All of the data should be given again word for word, though the images are to be left out.

--- Dataset content Enclosed Below ---

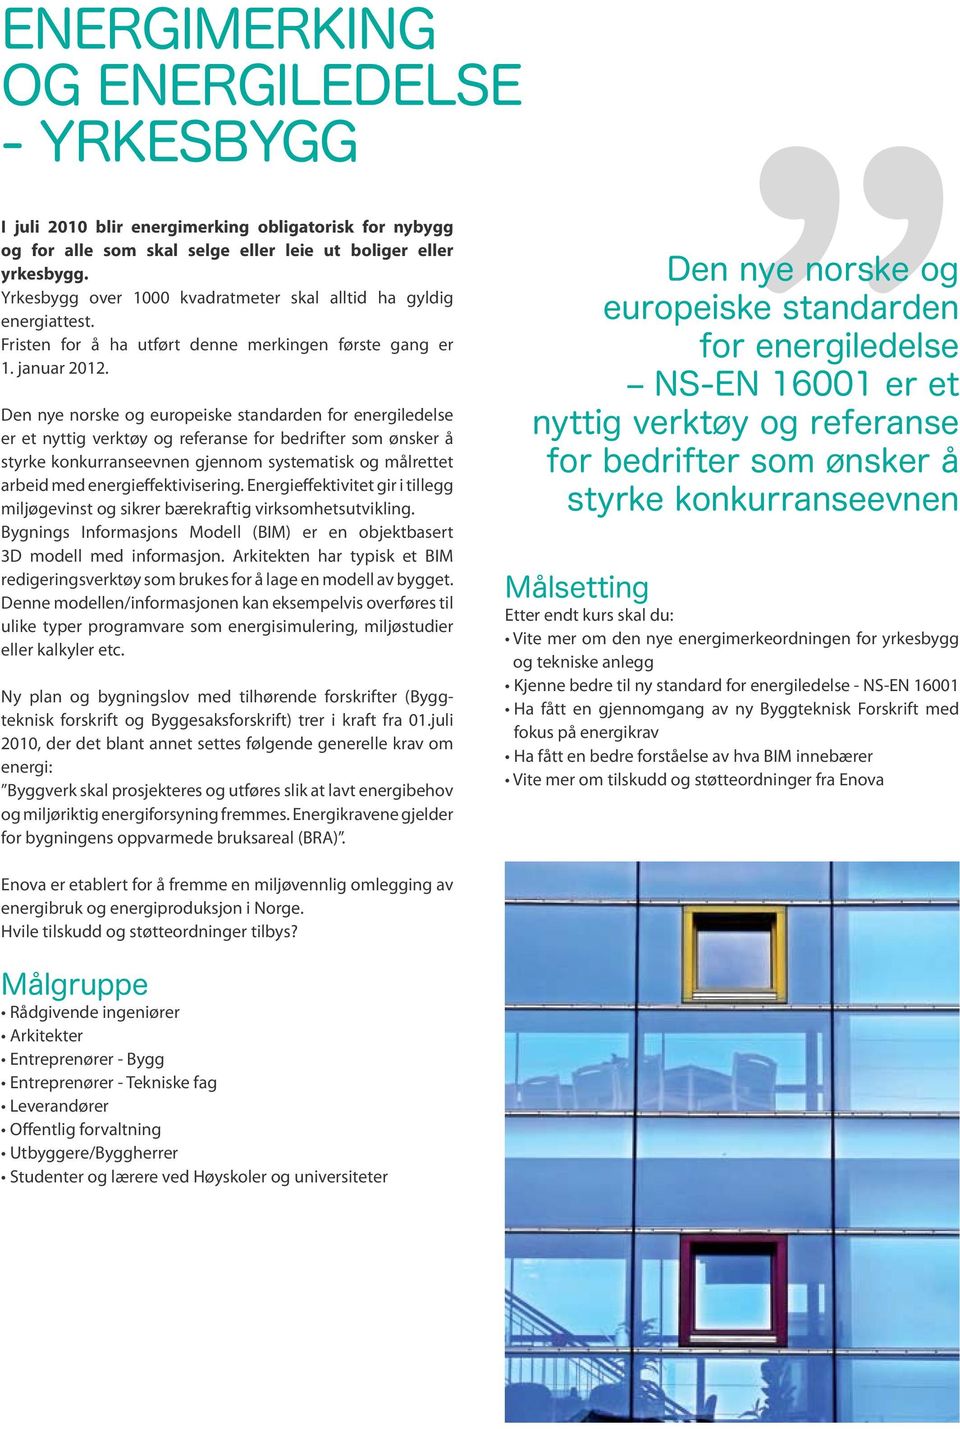 Den nye norske og europeiske standarden for energiledelse er et nyttig verktøy og referanse for bedrifter som ønsker å styrke konkurranseevnen gjennom systematisk og målrettet arbeid med
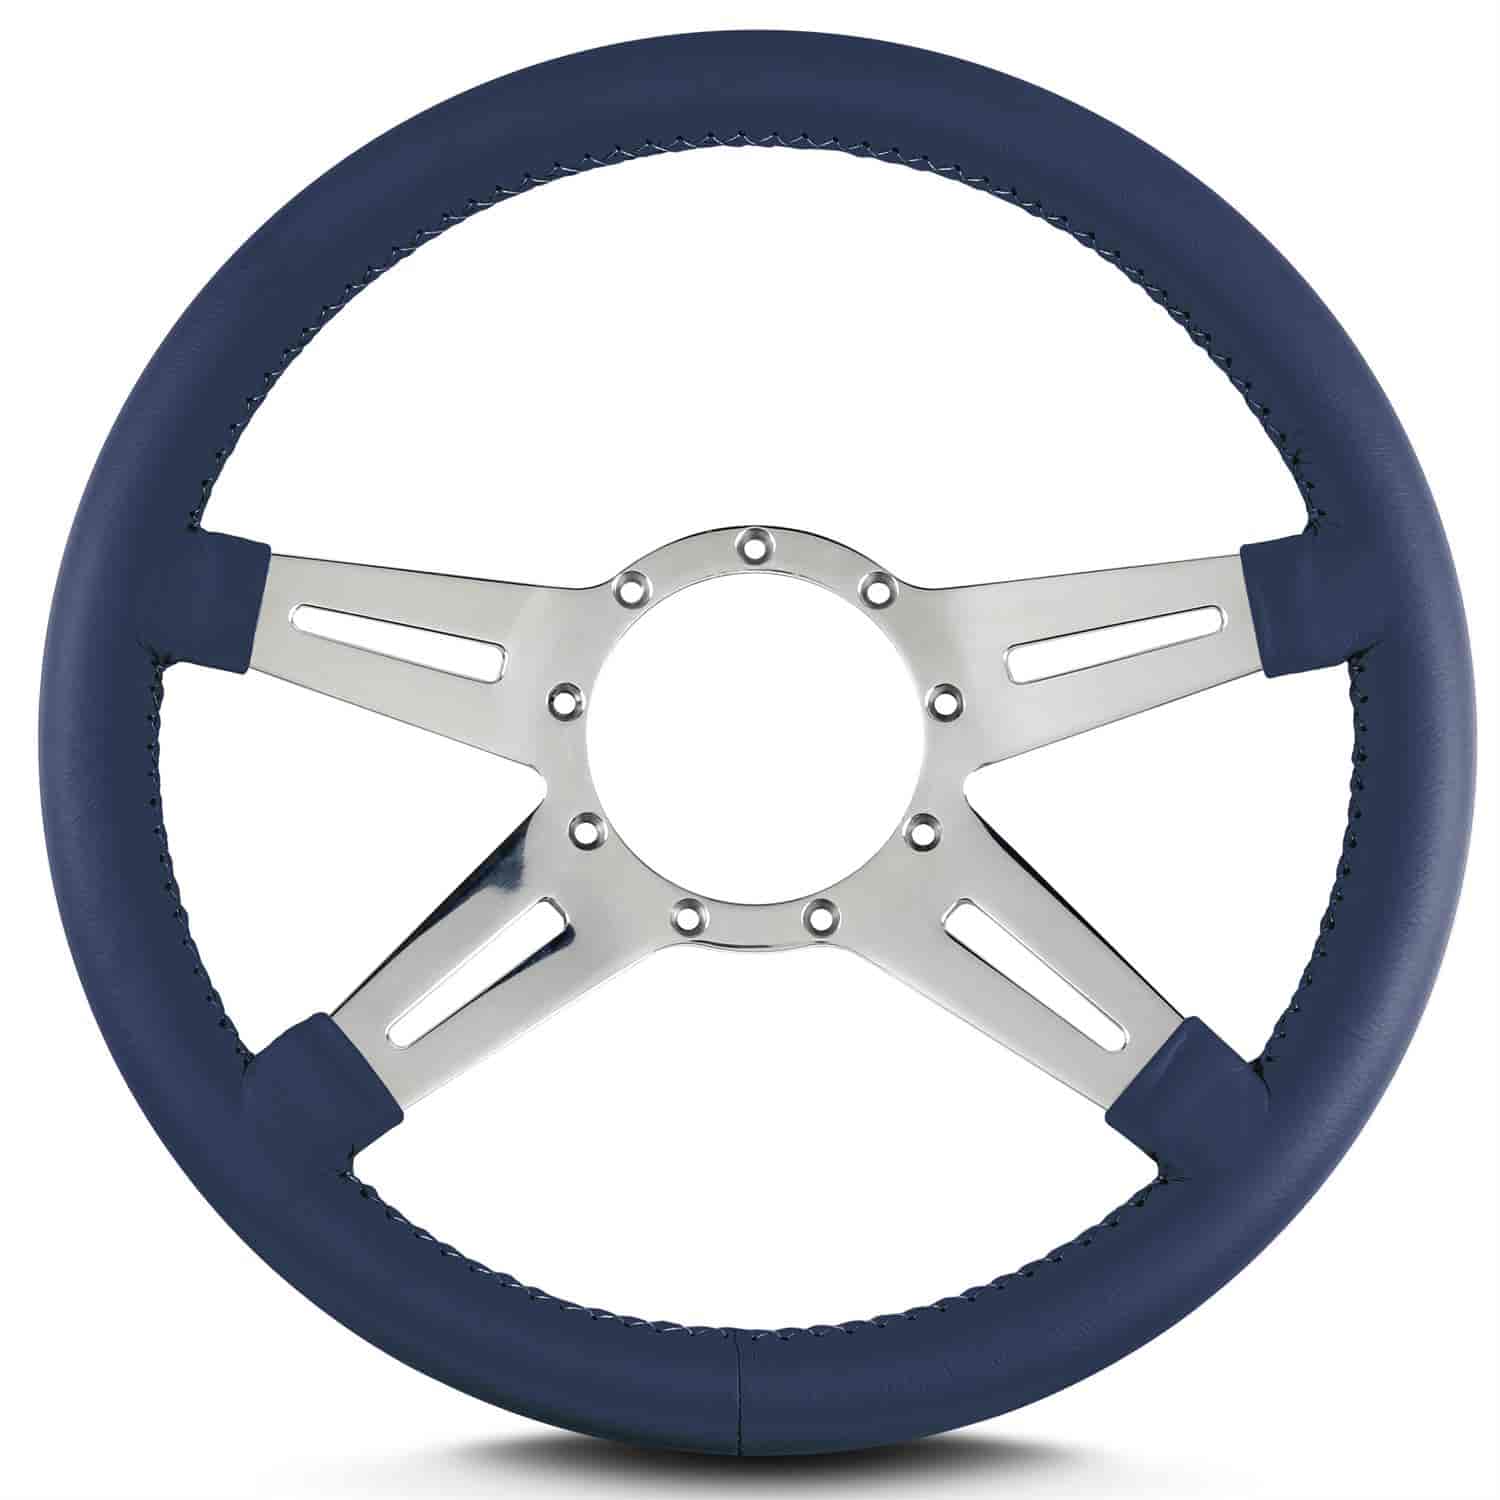 MK-9 Steering Wheel 14" Diameter
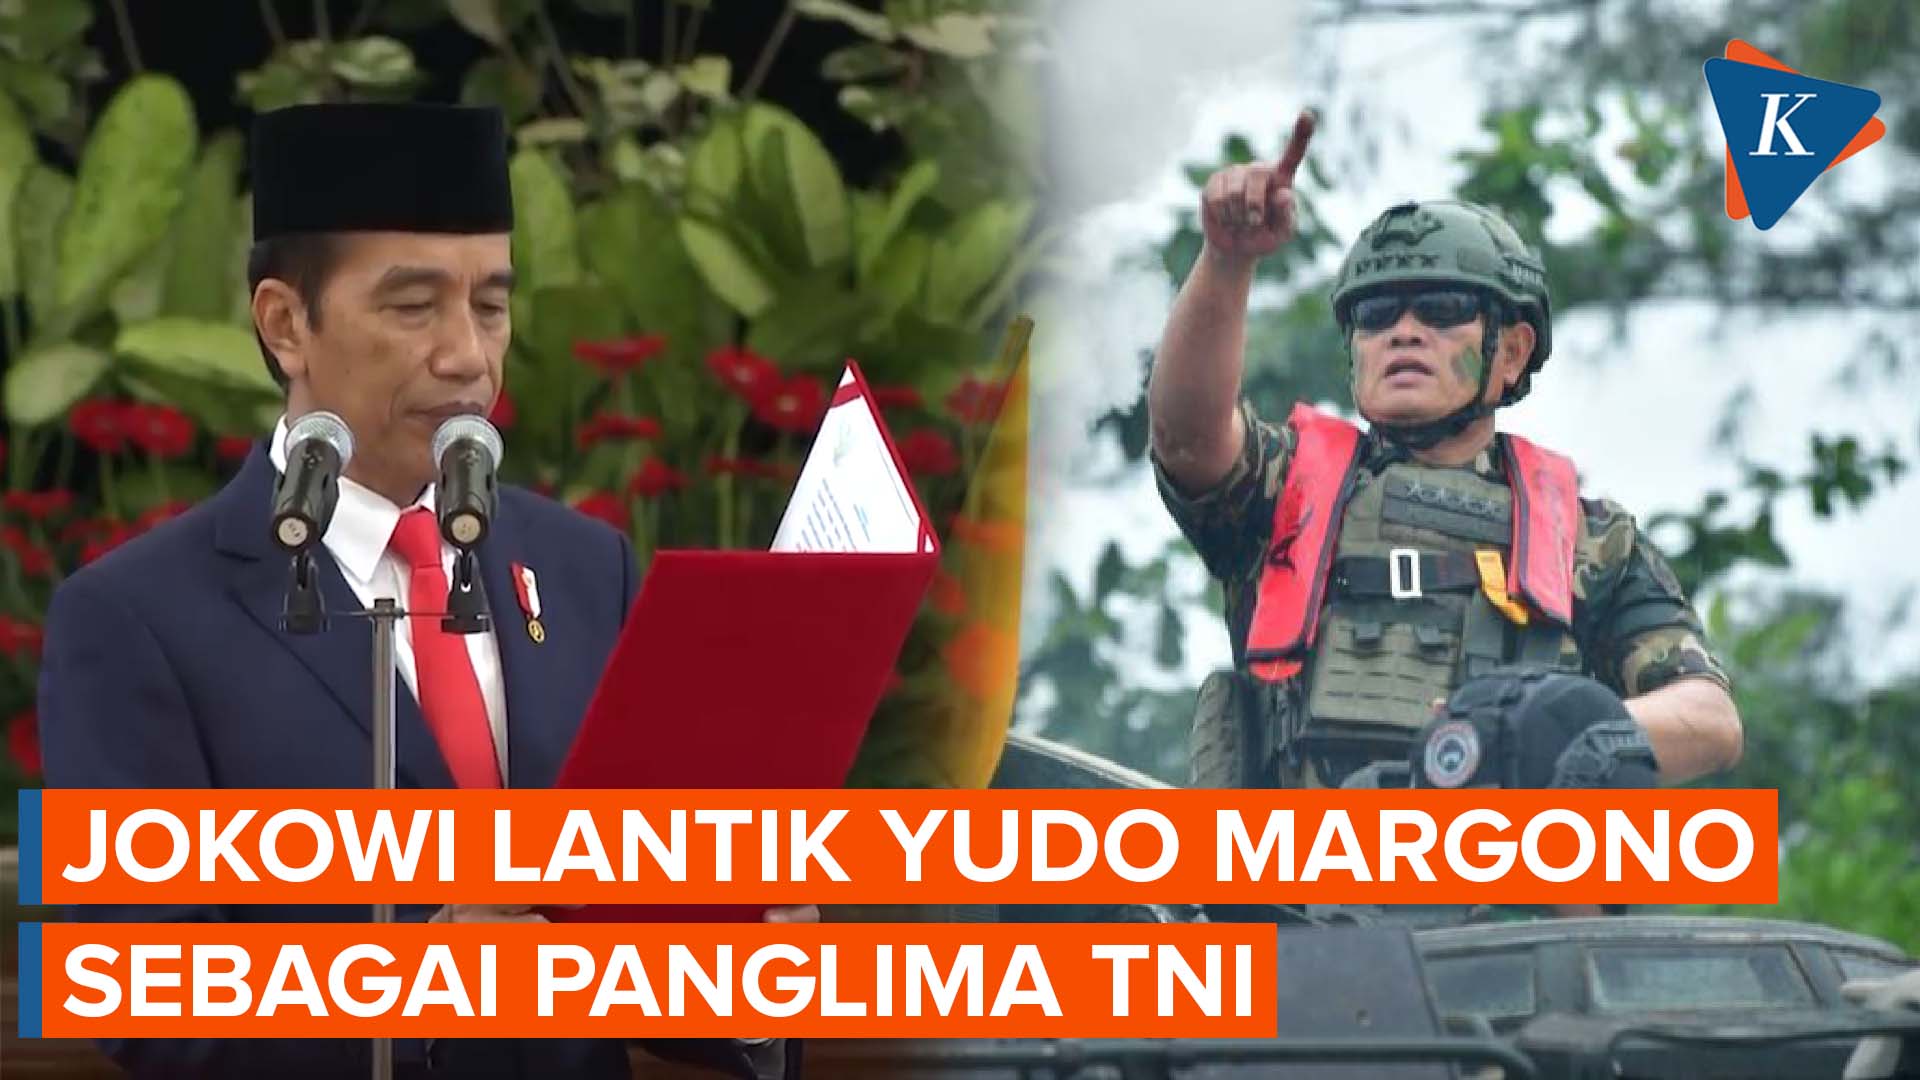 Jokowi Lantik Yudo Margono jadi Panglima TNI Hari Ini

--- End of Enclosed Dataset content ---

» **Result for this task**
 Den nye norske og europeiske standarden for energiledelse er et nyttig verktøy og referanse for bedrifter som ønsker å styrke konkurranseevnen gjennom systematisk og målrettet arbeid med
 MK-9 Steering Wheel 14" Diameter
 Jokowi Lantik Yudo Margono jadi Panglima TNI Hari Ini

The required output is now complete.